Lien vers l’arrêté du 4 juin 2024 :
https://www.legifrance.gouv.fr/jorf/id/JORFTEXT000049834826
NOR : TSST2413096A
Date de publication : 30 juin 2024
Entrée en vigueur : 1er juillet 2026, sauf les dispositions de l’article 14 et des annexes I et II qui entrent en vigueur le 30 juin 2024.
Domaine concerné : amiante
Pour résumer le texte : le texte concerne la mission de repérage de l’amiante avant certaines opérations réalisées dans les immeubles autres que bâtis. Le donneur d’ordre, le maître d’ouvrage, ou le propriétaire d’ouvrages de génie civil, d’infrastructures de transport ou de réseaux divers doit faire rechercher la présence d’amiante avant toute opération comportant des risques d’exposition des travailleurs à l’amiante. L’arrêté précise comment conduire cette mission de RAT, conformément aux dispositions de l’article 1er du décret n°2017-899 du 9 mai 2017. La mission respecte les exigences de la norme NF X 46-102 : novembre 2020. Le texte est pris pour l’application des articles R.4412-97 à R.4412-97-6 du code du travail (CT).

Objet et définitions : art. 1 et 2

D’abord, larticle 1 précise l’objet du présent arrêté. Il s’agit du repérage des matériaux et produits contenant de l’amiante dans les immeubles autres que bâtis, tels que les ouvrages de génie civil, infrastructures de transport et réseaux divers. Ensuite, l’article 2 contient des définitions :

  • coordinateur de premier niveau ;
  • coordinateur de second niveau ;
  • donneur d’ordre (DO) ;
  • infrastructures de transport ;
  • objet géologique susceptible de contenir de l’amiante environnemental ;
  • opérateur de repérage ;
  • programme détaillé de travaux ;
  • périmètre de repérage ;
  • programme de repérage ;
  • matériaux ou produits susceptibles de contenir de l’amiante ;
  • matériaux ou produits contenant de l’amiante.
Objectifs et périmètre du RAT : article 3

L’article 3 détaille les objectifs et le périmètre du RAT. Il précise aussi les cas de dispense de l’obligation de repérage.
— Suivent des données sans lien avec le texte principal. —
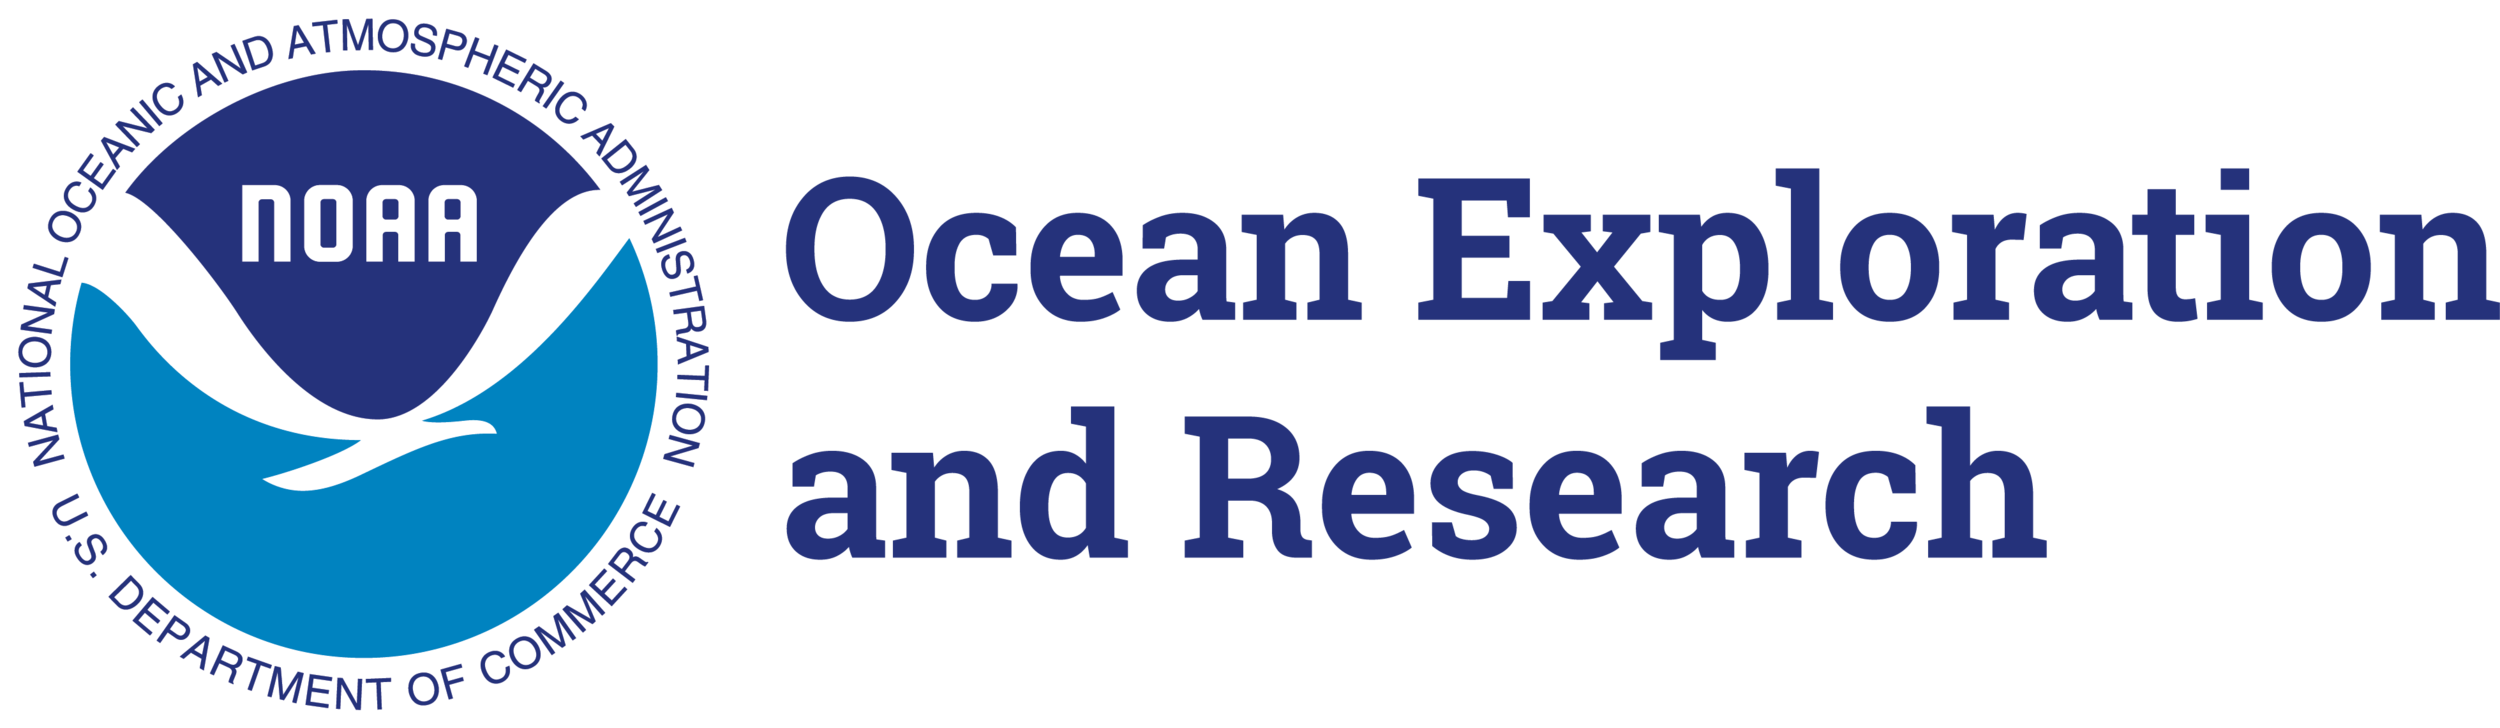 NOAA Office of Ocean Exploration & Research

L’opérateur se conforme aux exigences fixées dans la norme pour rechercher, identifier et localiser les matériaux et produits contenant de l’amiante susceptibles d’être affectés par les travaux et interventions (article R.4412-94 du CT).

Lorsque l’accès à certaines parties de l’ouvrage de génie civil, de l’infrastructure de transport ou du réseau divers est techniquement impossible avant les travaux, l’opérateur de repérage explicite, dans son rapport, les raisons pour lesquels il n’a pas pu mener la recherche d’amiante. Il détaille alors les investigations complémentaires restant à réaliser.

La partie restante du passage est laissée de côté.